Cuando vas al supermercado te encuentras con que hay frutas, verduras, carne, lácteos, huevos y granos que están marcados como “convencionales” por otro lado están los alimentos orgánicos. Estos últimos hacen alusión a la manera en como los agricultores cultivan y procesan sus productos, teniendo siempre en cuenta la conservación del suelo, el agua y de reducir la contaminación.

Además, los agricultores de alimentos orgánicos no usan los métodos que se han generalizado para fertilizar y controlar las plagas. Es decir, no usan químicos sino fertilizantes naturales para alimentar el suelo y las plantas, sumado a la rotación de los cultivos para mantener a raya a las plagas.

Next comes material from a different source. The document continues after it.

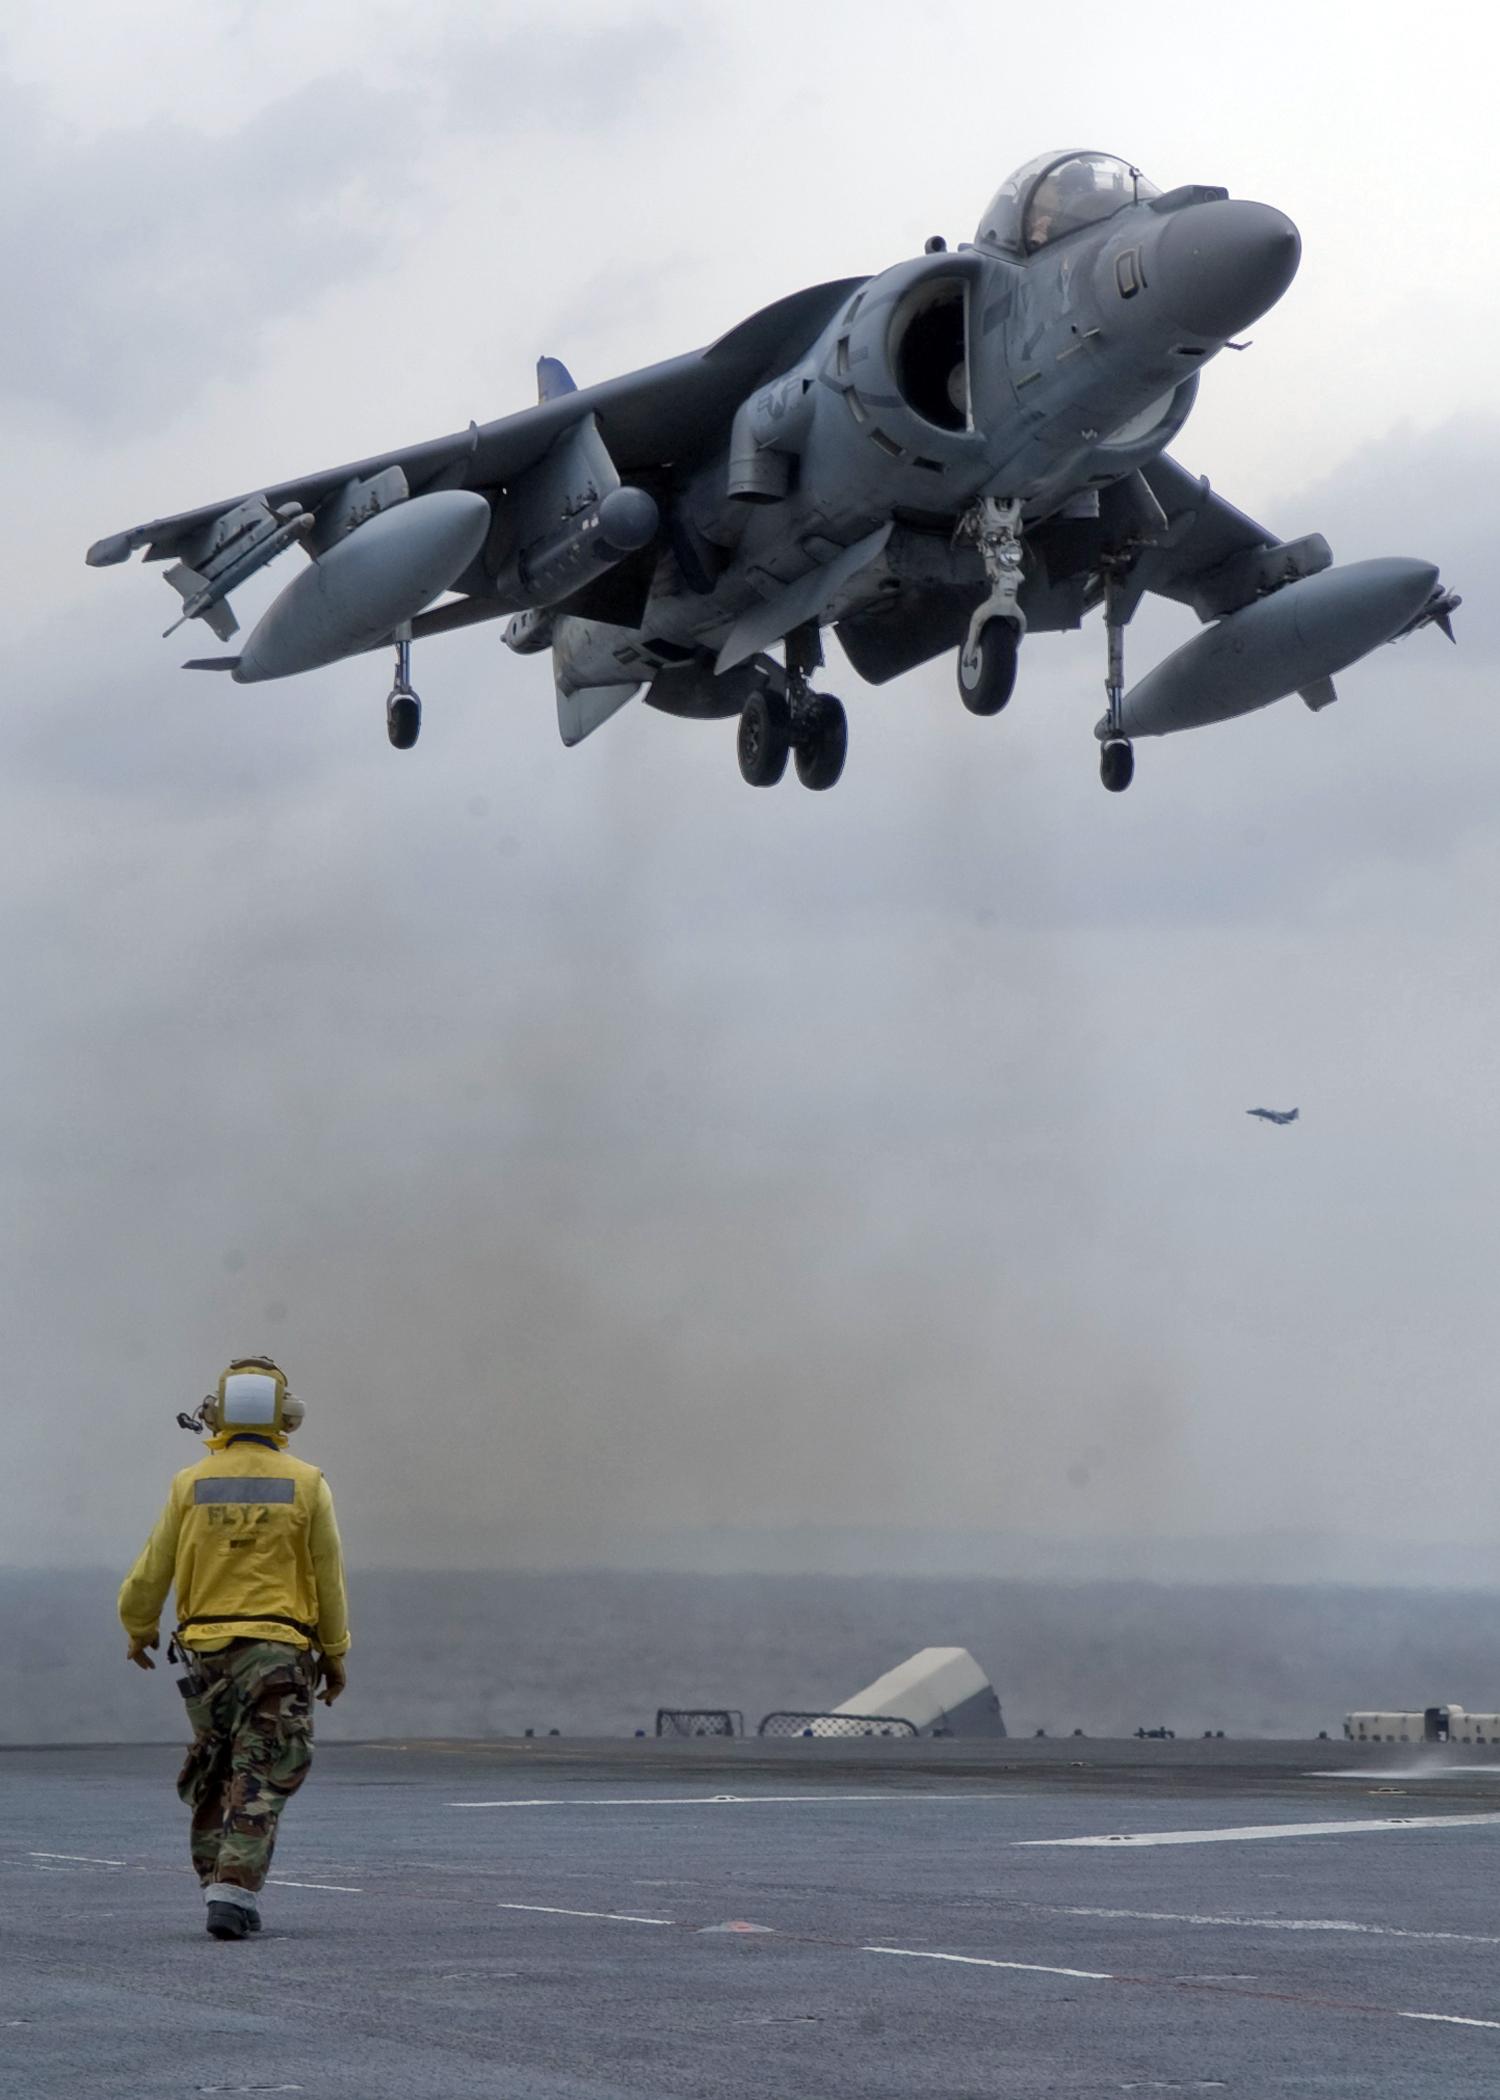 AV-8B_Harrier_II_landing_on_USS_Essex_ID_080429-N-5253W-002.jpg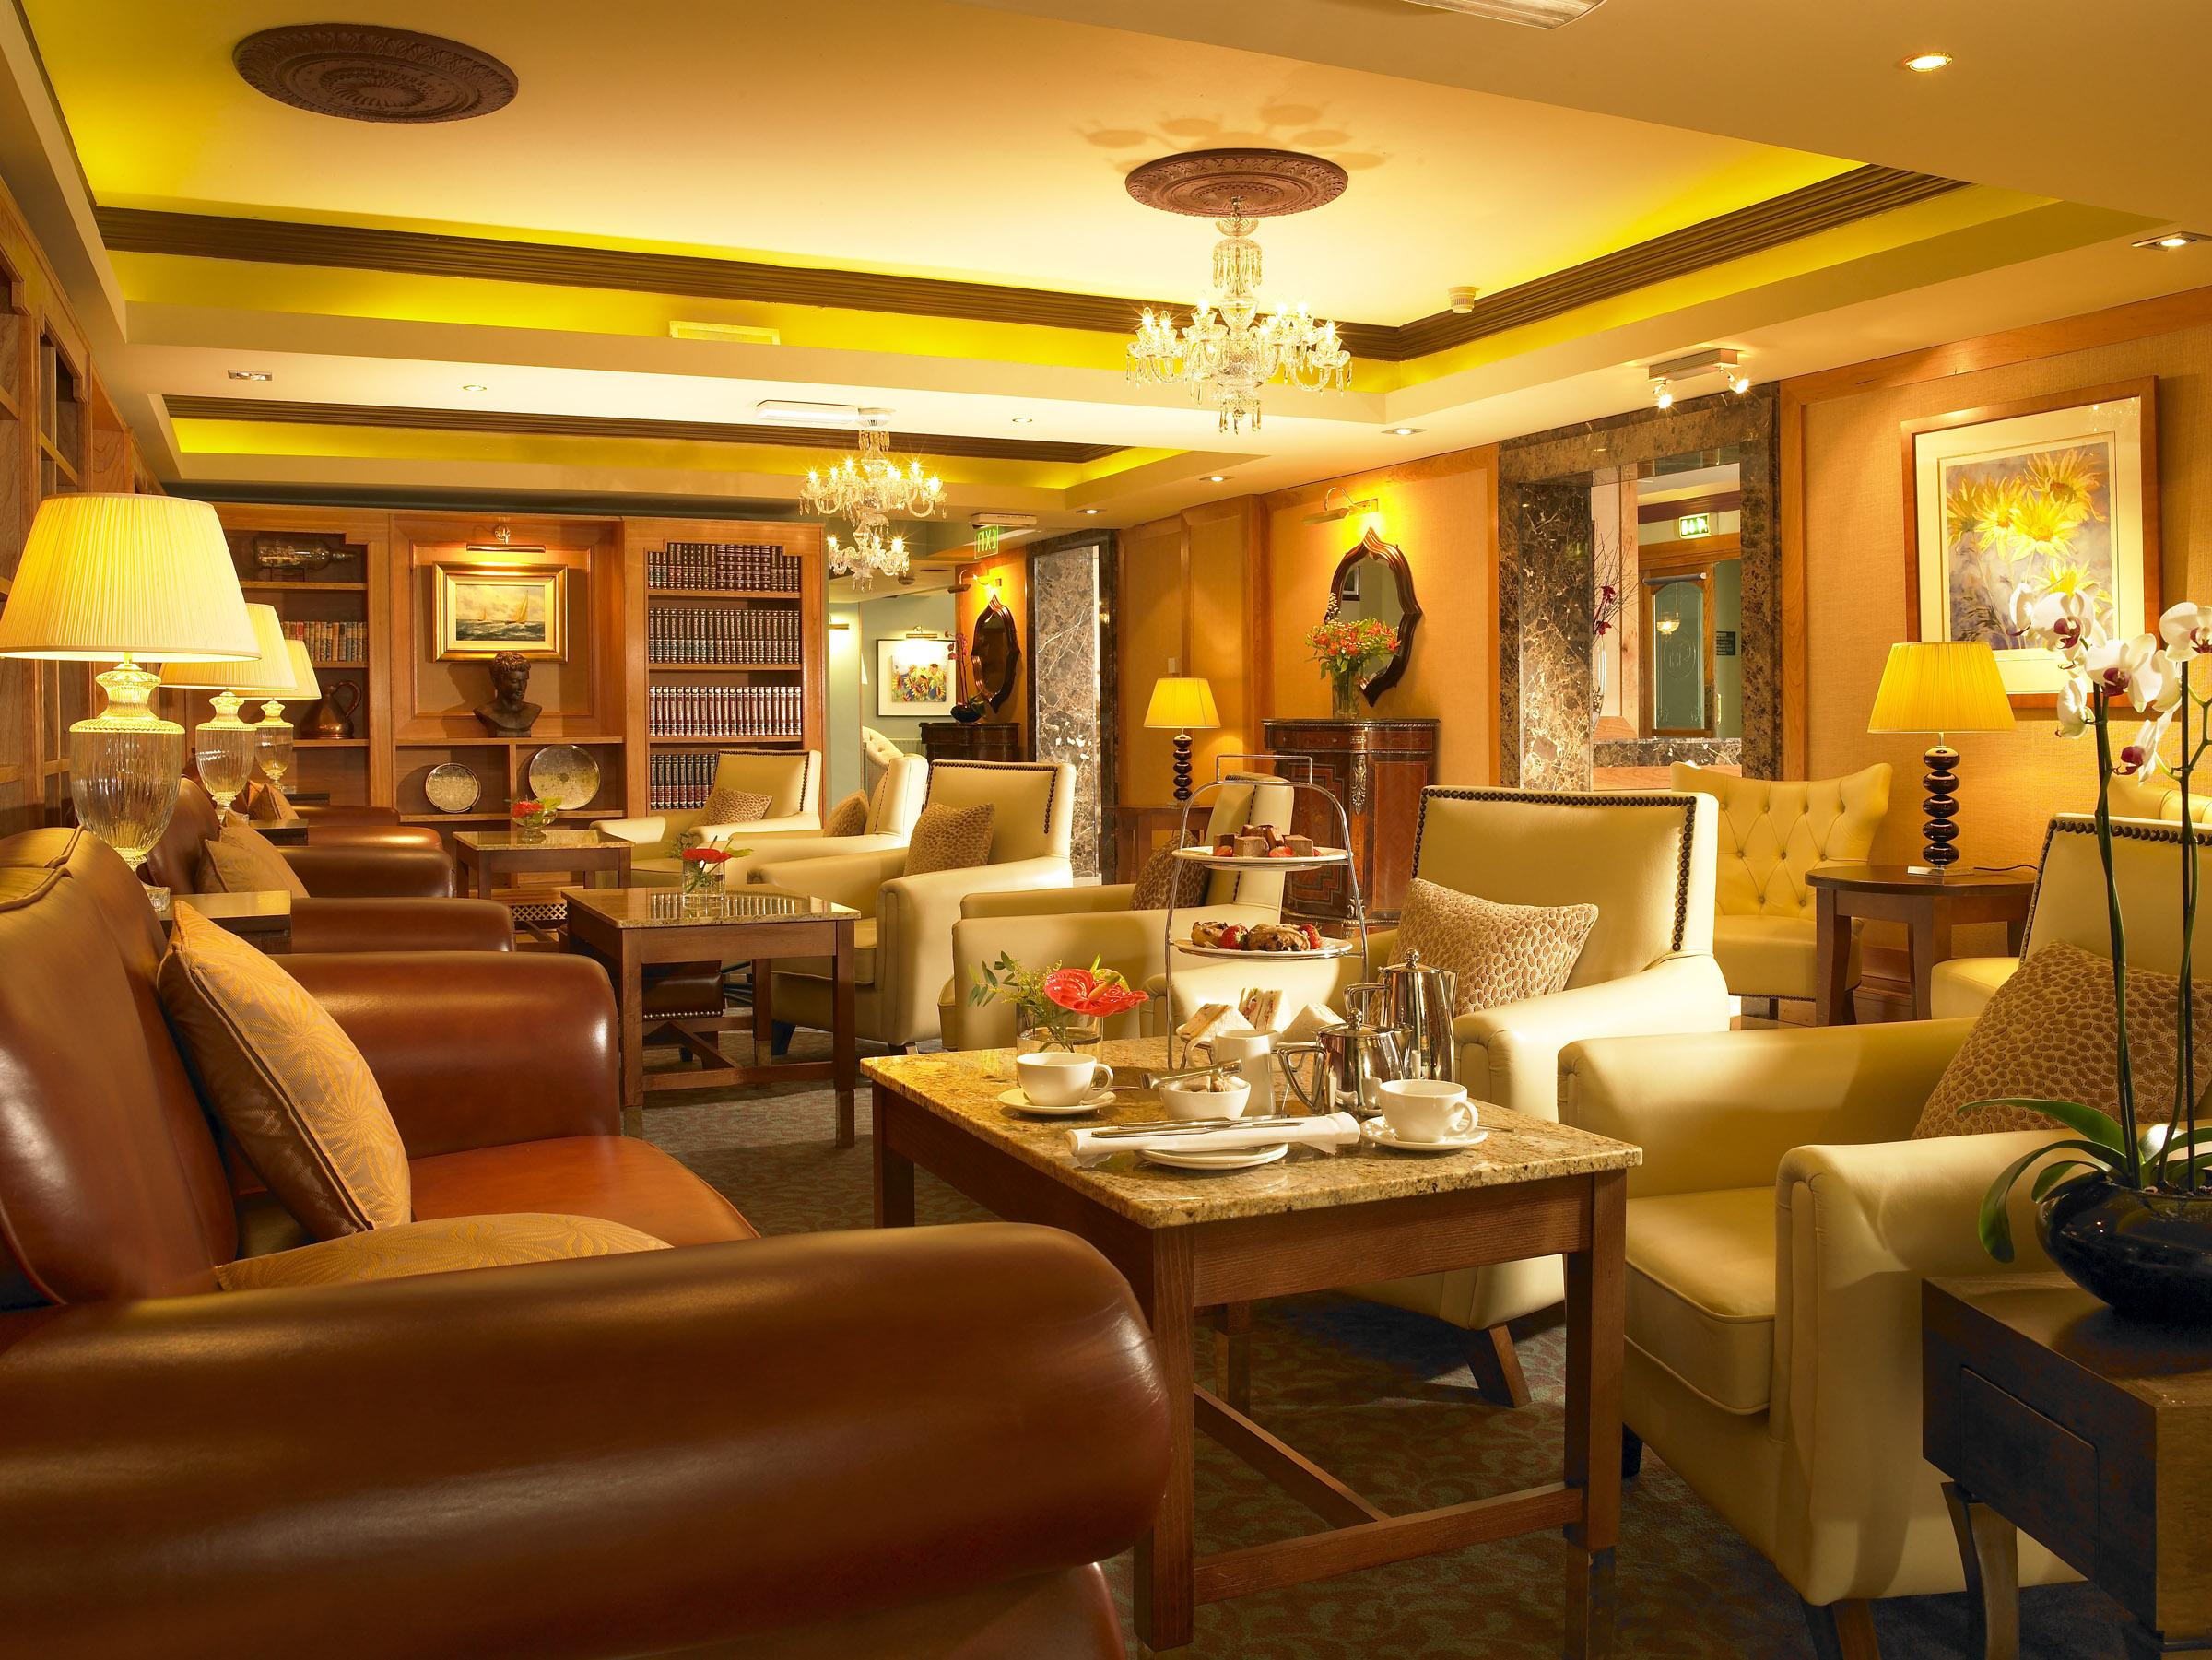 Review Castlecourt Hotel Westport

Pero más allá de los beneficios obvios para el planeta que trae la agricultura orgánica, ¿cómo se puede saber si los alimentos orgánicos en realidad son mejores para la salud a nivel nutricional y si tienen menor cantidad de contaminantes? A fin de cuentas si tomas una manzana orgánica y una convencional, no puedes ver esto a simple vista. La realidad es que los riesgos y los beneficios varían por producto y por eso no se puede generalizar, sino es importante separar por categoría. Hagamos un recorrido rápido por tres categorías de alimentos orgánicos: la leche, las verduras y la carne.

Leche

Desde el punto de vista de nutrición, la leche orgánica tiene niveles más altos de ácidos grasos omega 3, que ayudan a la salud cardíaca. En cuanto a la contaminación, ni la leche convencional ni la orgánica contienen antibióticos, ya que por ley (en Estados Unidos) son examinadas antes de salir al mercado. Las vacas orgánicas nunca reciben antibióticos, y aquellas convencionales sólo los reciben si tienen alguna enfermedad y la leche no se usa hasta que ya hayan pasado sus efectos. En cuanto a las hormonas, a las vacas convencionales les inyectan una hormona para producir más leche que desaparece en el momento de pasteurizarla, pero queda un componente llamado Factor de crecimiento insulínico tipo-1 (IGF-I, por sus siglas en inglés). En realidad, tanto la leche convencional como la orgánica contiene cierta cantidad de IGF-I porque las vacas producen cierta cantidad de hormonas naturalmente, pero la leche convencional lo contiene en mucha mayor cantidad. La Administración de Medicamentos y Alimentos (FDA, por sus siglas en inglés) ha establecido que la cantidad es segura para consumo humano. Algunos estudios en el pasado han sugerido la posibilidad de que podría asociarse a un aumento del riesgo de desarrollar cáncer de la próstata, pero la Asociación Americana del Cáncer ha determinado que es necesario realizar más estudios para determinar si en realidad es el caso.

Verduras

Los resultados sobre el análisis comparativo del contenido nutricional de las verduras orgánicas comparado con las convencionales, han sido mixtos. Pero el que más resalta es que el contenido de fósforo en los vegetales orgánicos es mucho más alto, lo cual contribuye a huesos y dientes fuertes. En cuanto a la contaminación con pesticidas y patógenos, los productos orgánicos tienen menos residuos y menos pesticidas. Según varios estudios, los pesticidas y los residuos que se encuentran en los productos convencionales no causan daños significativos en el desarrollo del cerebro si los consumen los niños pequeños. Curiosamente, algunas bacterias como la E. Coli, están presente con más frecuencia en los productos orgánicos que convencionales.

Carne

La carne que proviene de animales que han sido alimentados con hierbas (orgánicas) tiene más omega 3 que la carne de animales alimentados con granos. Se ha encontrado que la carne orgánica tiene ligeramente más de probabilidades de estar contaminada con alguna bacteria ya que no se usan antibióticos. Por su parte, la carne convencional tiende a estar contaminada con residuos de antibióticos. De todas formas, las diferencias en cuanto a la contaminación no son significativas y la mejor solución, ya sea de la carne orgánica o la convencional, es cocinarla adecuadamente.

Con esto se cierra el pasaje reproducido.